Аннета упрямо сказала:
— Да!
— Что? Это честно?
— Это хорошо.
Он взял её руки. Она попыталась вырвать их, но у него была крепкая хватка.
— Взгляни на меня!.. Ты говоришь не то, что думаешь!.. Я хочу, чтобы ты на меня взглянула… Ответь мне! Я не прав?.. Кто из нас честен? Ты или я?
Она понурилась и сказала:
— Ты.
И тотчас же вскрикнула:
— Это безумие! Я не хочу.
Она, наконец, собралась с мыслями. Она попыталась вступить в спор с Марком:
— Честность — это значит быть честным в каждой своей мысли, не вводить в заблуждение никого и прежде всего самого себя насчёт своих верований. Но честность не требует от нас невозможного: всегда руководствоваться своими верованиями, и только ими. Волен дух наш. А тело — в цепях. Мы впаяны в это общество, в котором живём. Мы подчиняемся определённому порядку. Мы не можем разрушить его, не разрушив себя. Даже неправедный строй мы можем только осудить. Но вынуждены покориться ему.
— Мама, ты отрекаешься от собственной жизни… Разве я не знаю, как ты бунтовала, боролась? Ведь ты не способна терпеть несправедливость к себе и другим? Милая моя строптивица!.. Если бы ты не была строптивой, я бы так тебя не любил!..
— Нет, не бери с меня примера! Ах, вот и кара!.. Это несправедливо… Я сказала тебе, да ты и сам знаешь, что я жила вслепую, что меня вело внутреннее чутьё, женские страсти, слишком восторженное сердце, которое трепещет в ночи при малейшем прикосновении… Мужчина — мужчина, которого я создала, — не должен брать за образец женщину.
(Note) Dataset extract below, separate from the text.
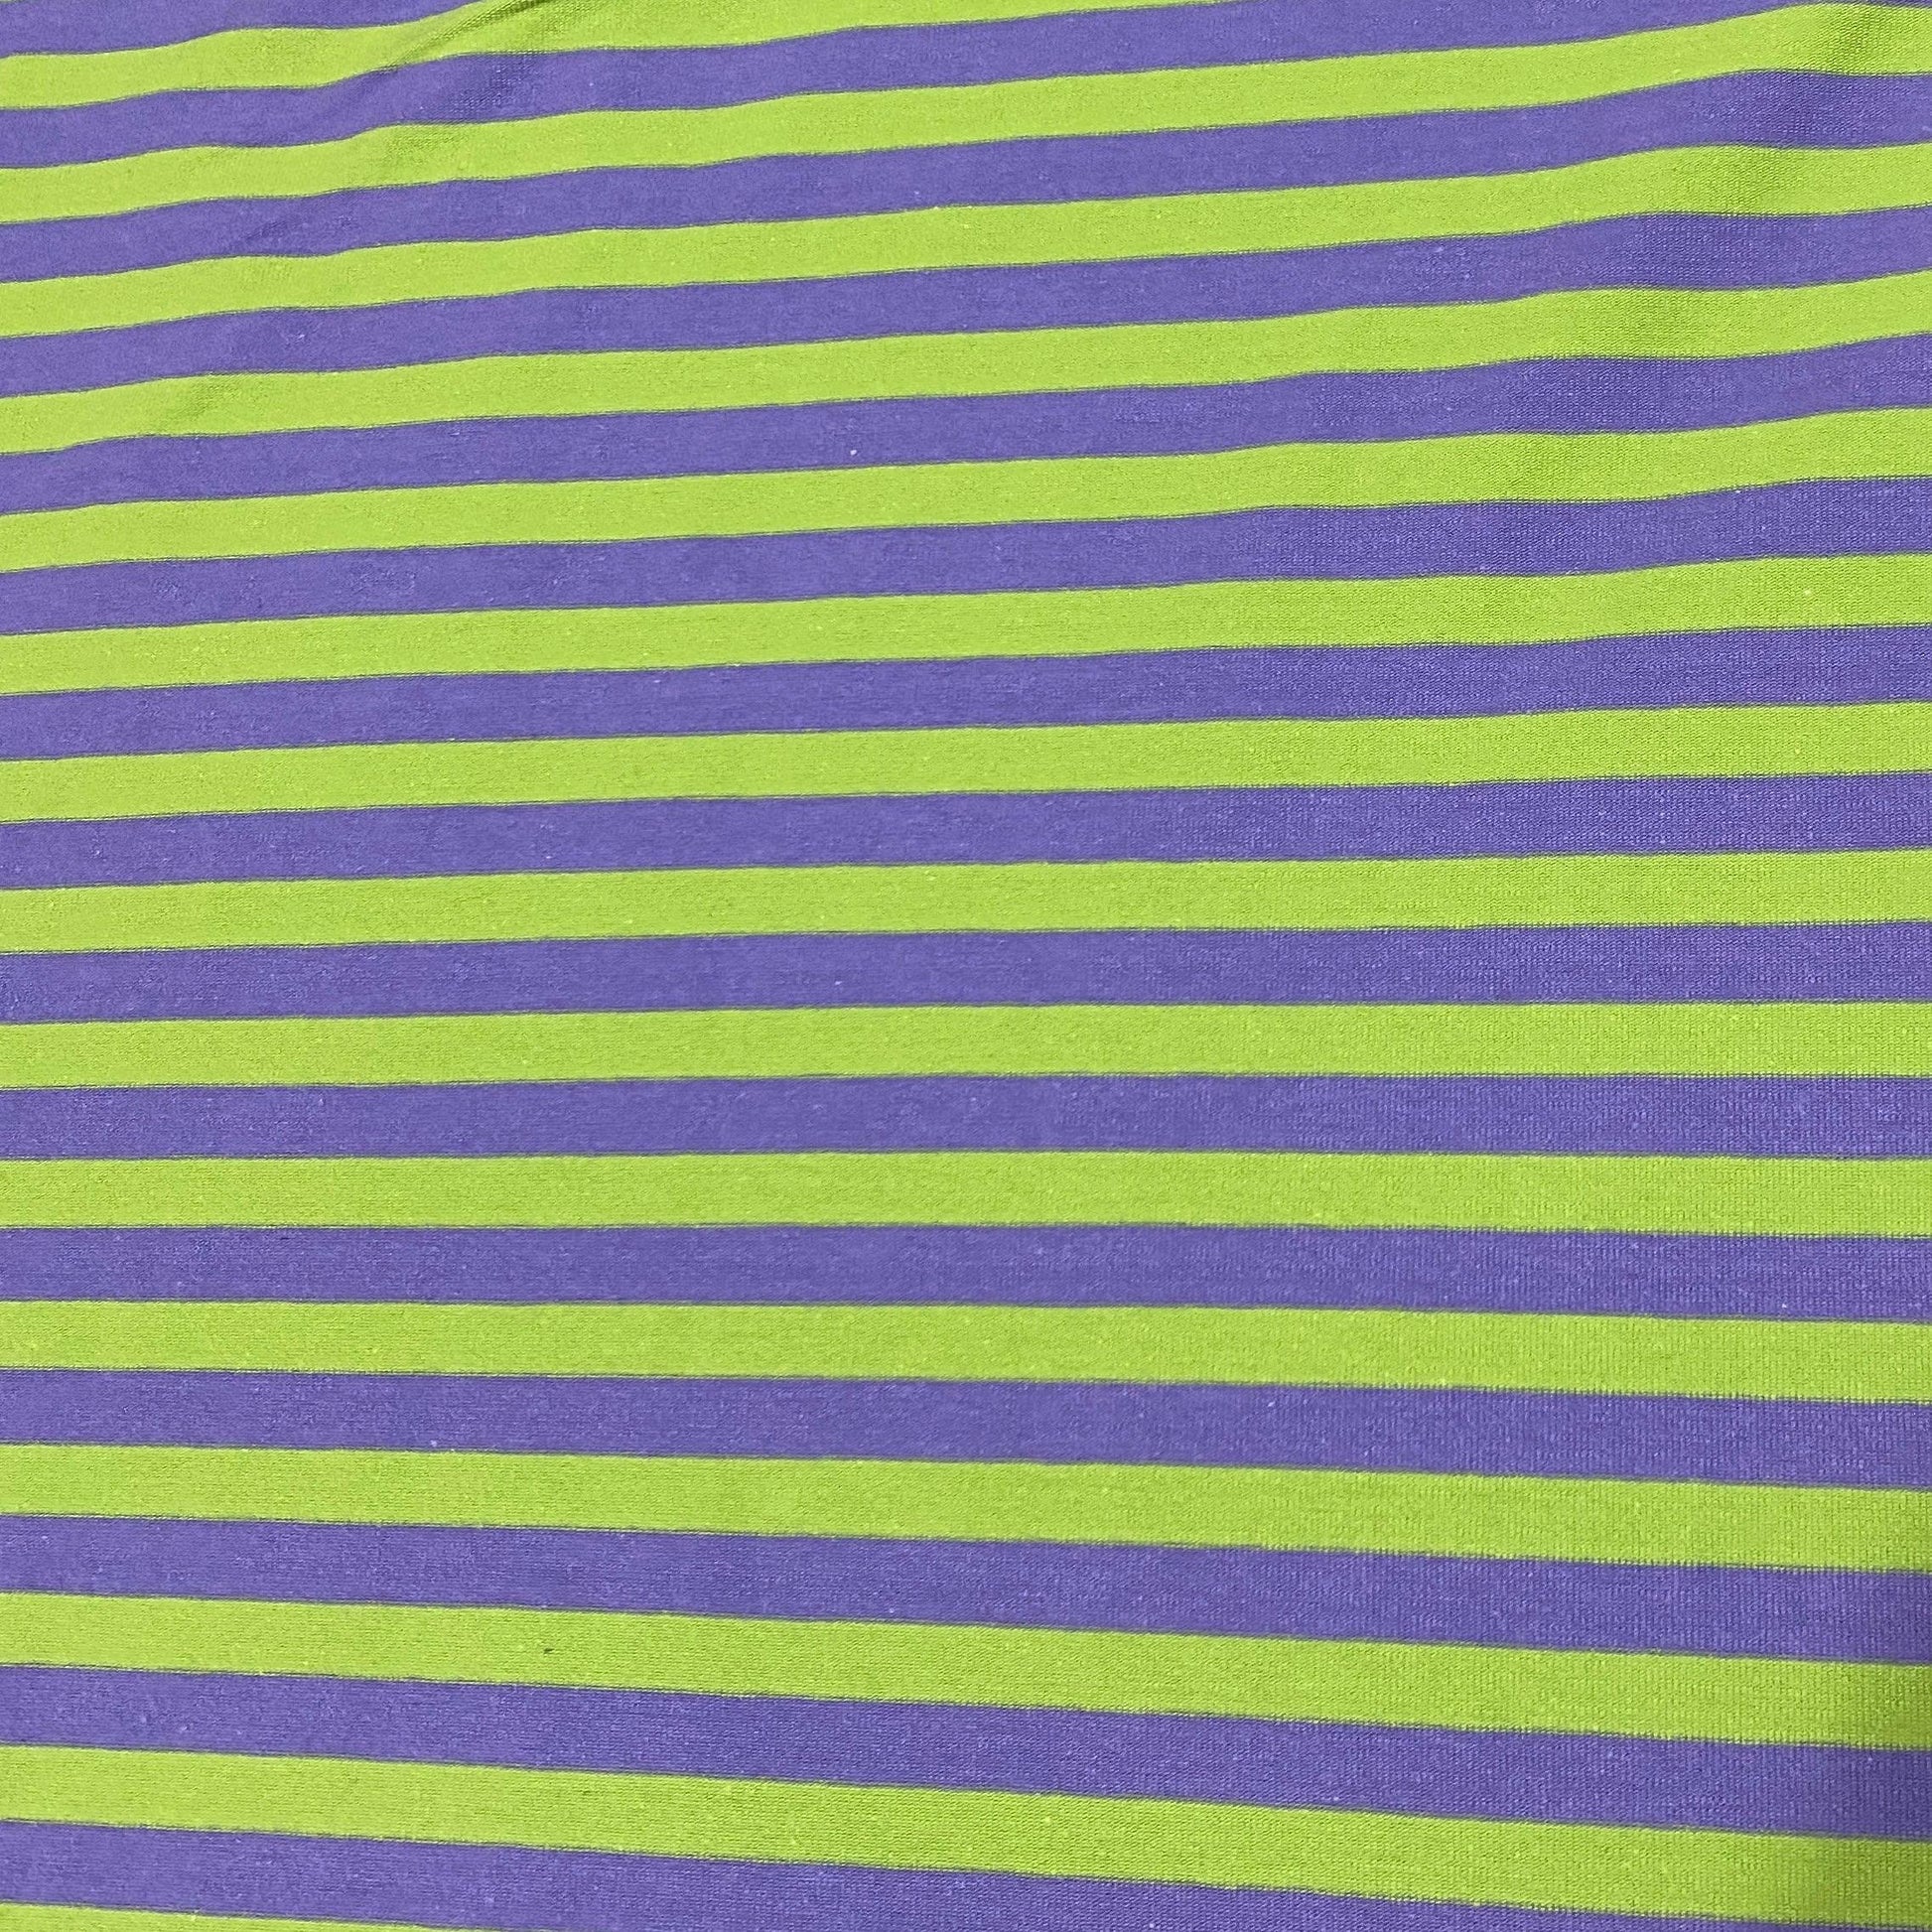 Purple and Lime 3/8" Stripes on Cotton/Spandex Jersey Fabric - Nature's Fabrics

Он может и, значит, должен освободиться от смутных велений природы, он должен видеть отчётливее и дальше.
— Подожди! Мы сейчас дойдём и до этого. И, когда дойдём, ты, может быть, заставишь меня вернуться назад. А пока скажи мне, отрицаешь ли ты собственную строптивость?
— Бунт у меня всегда кончался поражением.
— Но каждое поражение (признайся!) было освобождением.
— Ах! Я только меняла цепи и наносила себе раны. Им счёта нет, этим цепям. Я рвала одни, чтобы опутать себя другими. Может быть, цепи нужны?..
— Ты сама себе противоречишь. Ты рвёшь одну цепь за другой — мне ли этого не знать?
— А если это ошибка? Я слушаюсь своего недальновидного инстинкта, но, может быть, разбивая их, рискую причинить ещё больше зла себе и другим? Что, если порядок покупается ценой отречения?
— Мама, не пытайся подпевать гениальному эгоисту, тому, кто ставил порядок во вселенной выше счастья своего ближнего, а покой созерцания выше опасной борьбы против существующего зла! Что дозволено Гёте, не дозволено нам. Вечного миропорядка нам недостаточно. Мы дышим в земной атмосфере. И если она отравлена несправедливостью, наш долг — разбить стёкла, чтобы вдохнуть свежий воздух.
— Можно перерезать себе вены.
— Пусть даже я упаду в пролом, — ну что ж, по крайней мере пролом будет сделан. Другим будет дышаться легче.
— Дорогой мой, ты же не веришь в человечество (ты мне сто раз это говорил!). Почему ты теперь вознамерился принести себя в жертву ему? Разве ты не насмехался над моей верой в него, — над моей бедной верой, столько раз попранной, что она уже теперь не очень горда, не очень уверена в себе?..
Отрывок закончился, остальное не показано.